Siempre quise ir a la tierra de mis abuelos, Cataluña, y la de mi abuelo materno al norte de España. Mi abuelo materno es de un pueblito pequeñísimo al norte. Se me olvidó el nombre. Era pescador. Estuve por allá en marzo. Me gustó mucho y me sentí como si estuviese en mi casa. Todo el mundo es muy acogedor con nosotros. No tuve tiempo para buscar a los Pons o a los Lostalo ya que había tanto que ver. El guía me dijo que aunque no conocía a los Pons/Lostalo, eran los dos apellidos típicos de Cataluña.15

Siempre quise ir. Always, you had wanted to go. To the land of your paternal grandparents in Catalunya, to the tiny fishing village in the north where your maternal grandfather came from, so small you’d forgotten its name. Cuyo nombre no puedo recordar … as Cervantes famously wrote in his opening lines.16

And in 2017, finally, you went to Iberia.
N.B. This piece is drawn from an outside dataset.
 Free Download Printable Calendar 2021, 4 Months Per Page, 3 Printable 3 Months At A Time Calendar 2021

It must have been a trip for the ages. I can imagine you with your son Sean and his wife, coming through the grief of losing your husband, landing in Spain, knowing that the spirits of your ancestors had walked those same paths, fished off Mediterranean shores, known grief, known loss, as they too emigrated from Spain to Cuba. Why did they leave Spain? What pushed them out and pulled them to the island, where your family didn’t even live for a whole generation before Castro’s revolution sent you into exile again?
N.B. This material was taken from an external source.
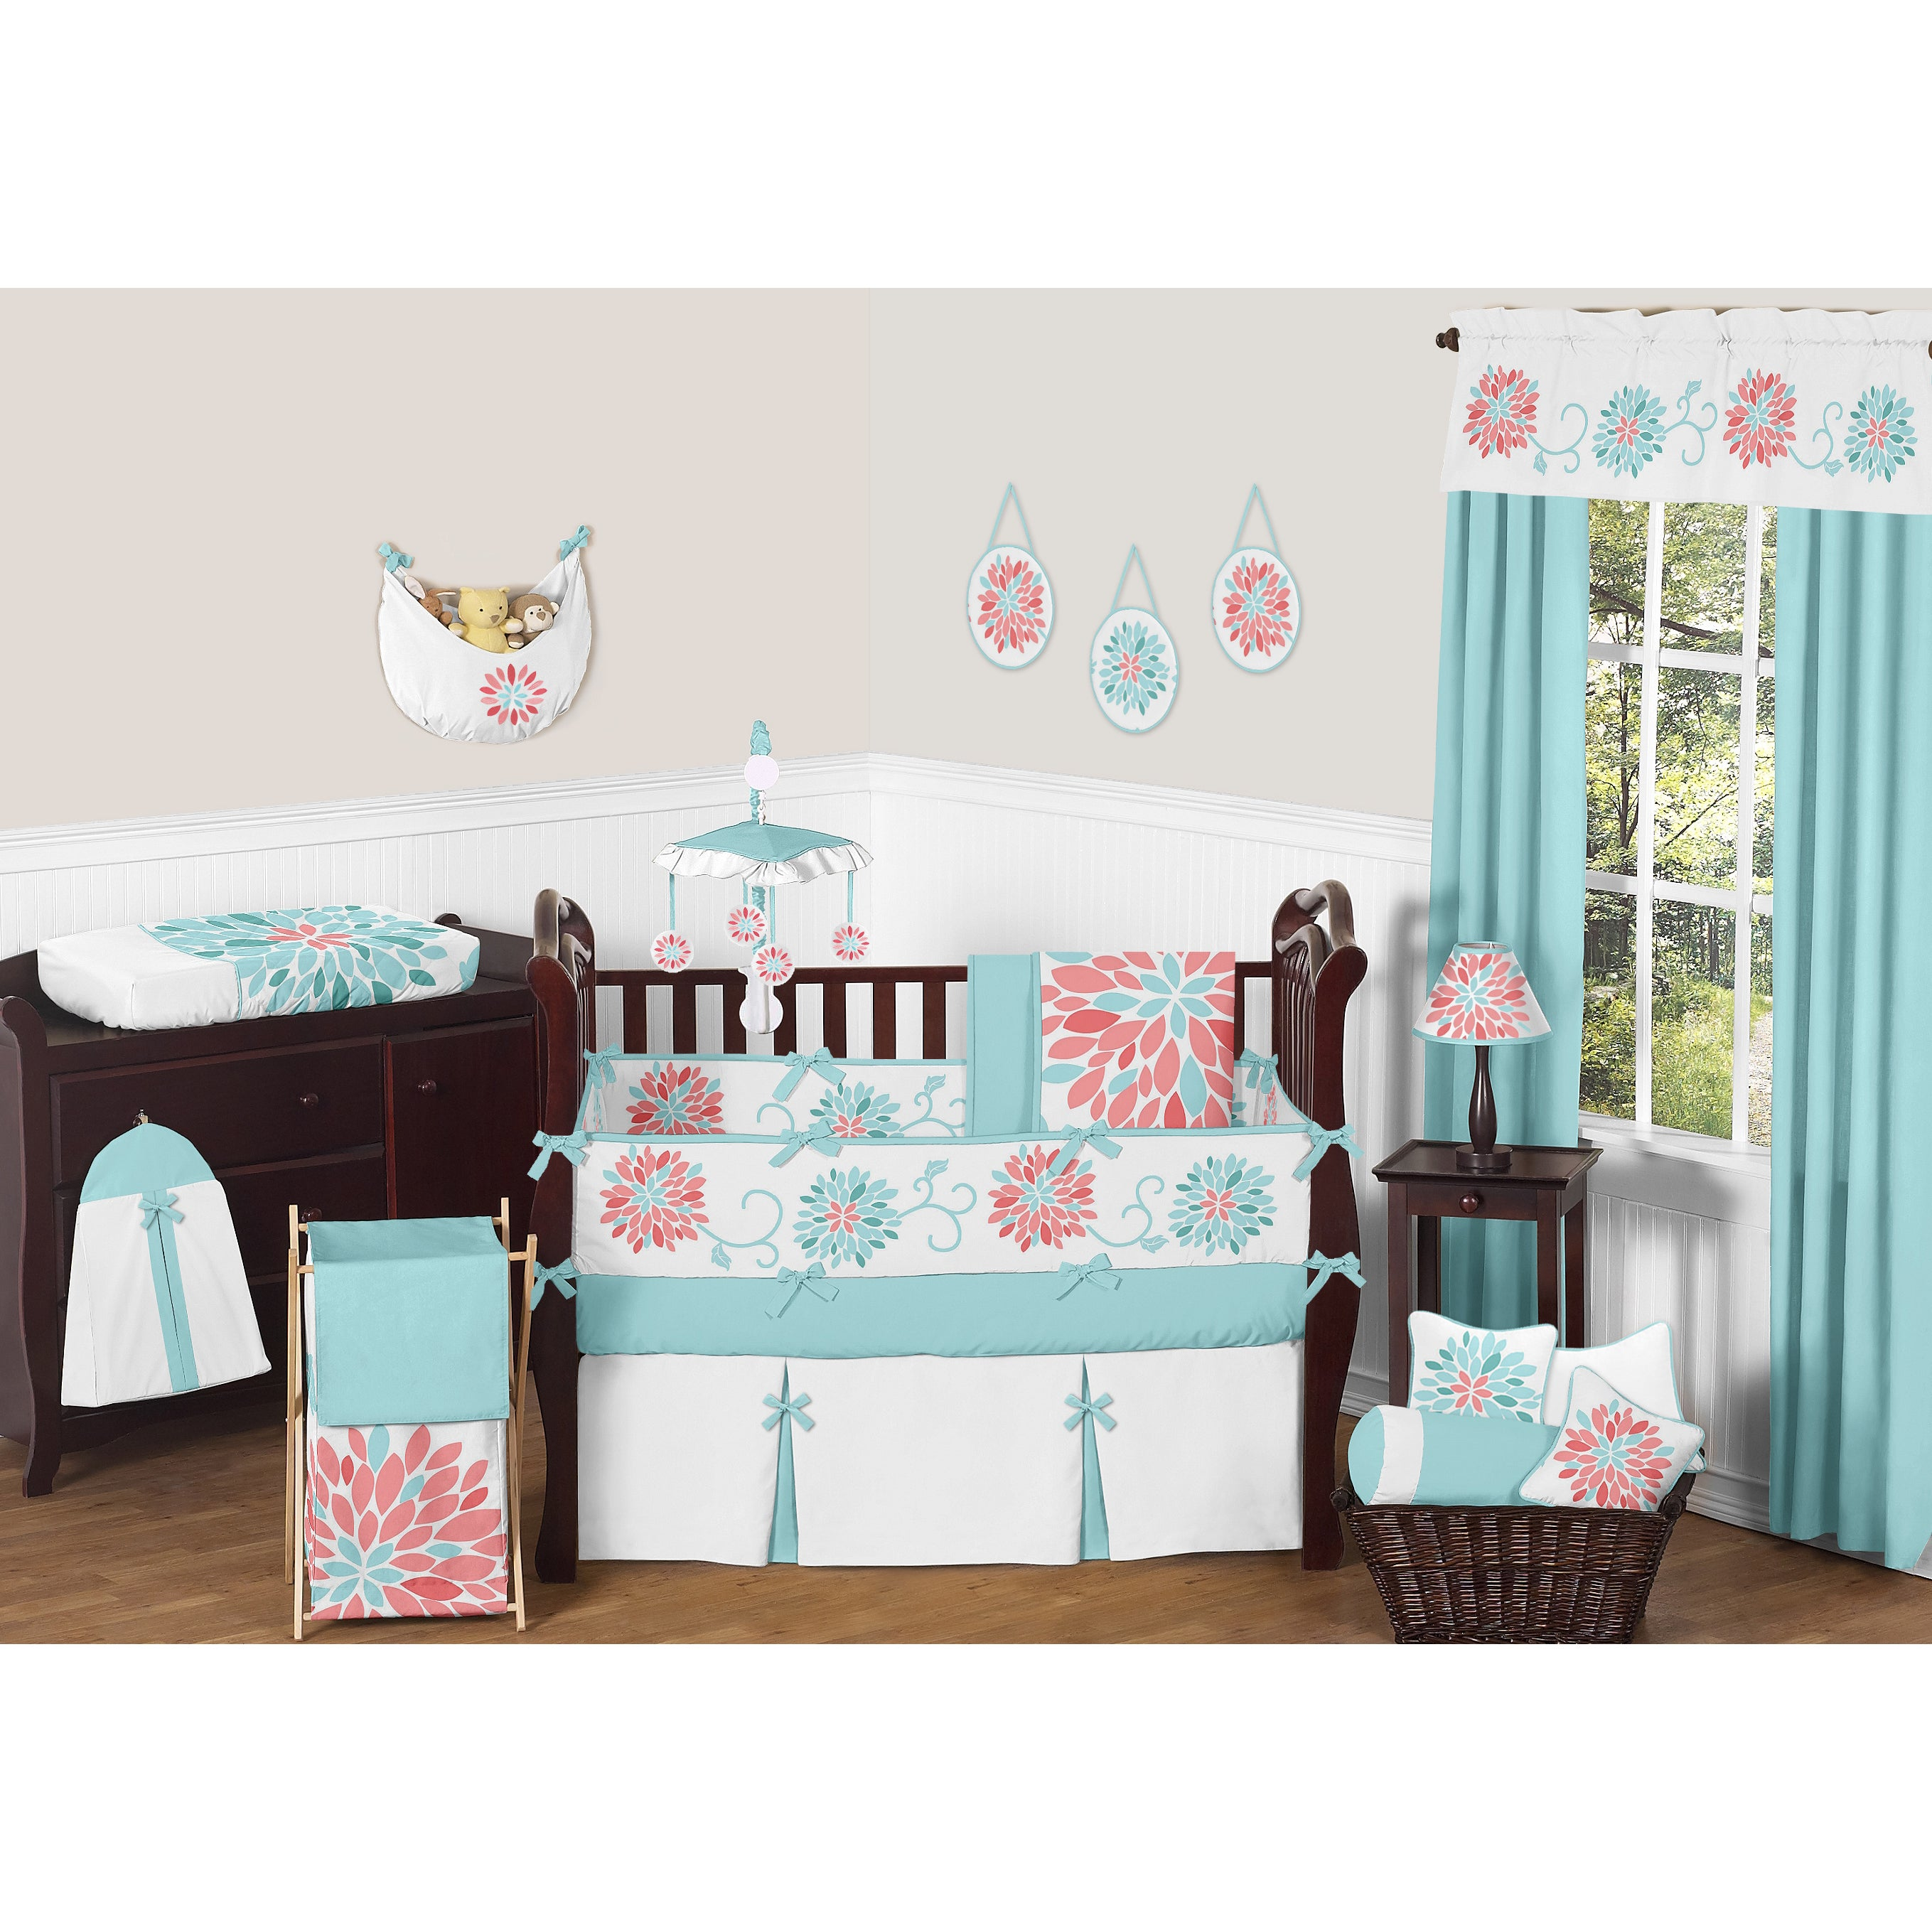 designs jojo baby cribs raskin piece set mountain ashx registry bear michelle crib sweet bedding ryan s zoom

We were last in touch in 2017, right before your trip and just after your husband died:

No sé si sabías que perdí a mi esposo el año pasado en septiembre. También por eso voy con mi hijo y su esposa. Para refrescarnos la cabeza un poco. Ha sido un poco difícil. Vamos con grupo turístico. A mí no me gusta preocuparme por nada sino que esos agentes lo arreglen todo, dejándome en una tranquilidad preciosa y disfrutando de vino tinto.17

Para refrescarnos la cabeza un poco. To refresh our heads a little. What tenderness in that understatement. Ha sido un poco difícil. It has been a little difficult. You were so brave to go, Luly. To travel while grieving, to let your son take care of you, to trust a guided tour, only ten days, everything taken care of so you could be in Spain and just breathe.

I tried to jokingly invite myself along, but you gently deflected. This trip was for you and Sean. This trip was about refrescando la cabeza after loss.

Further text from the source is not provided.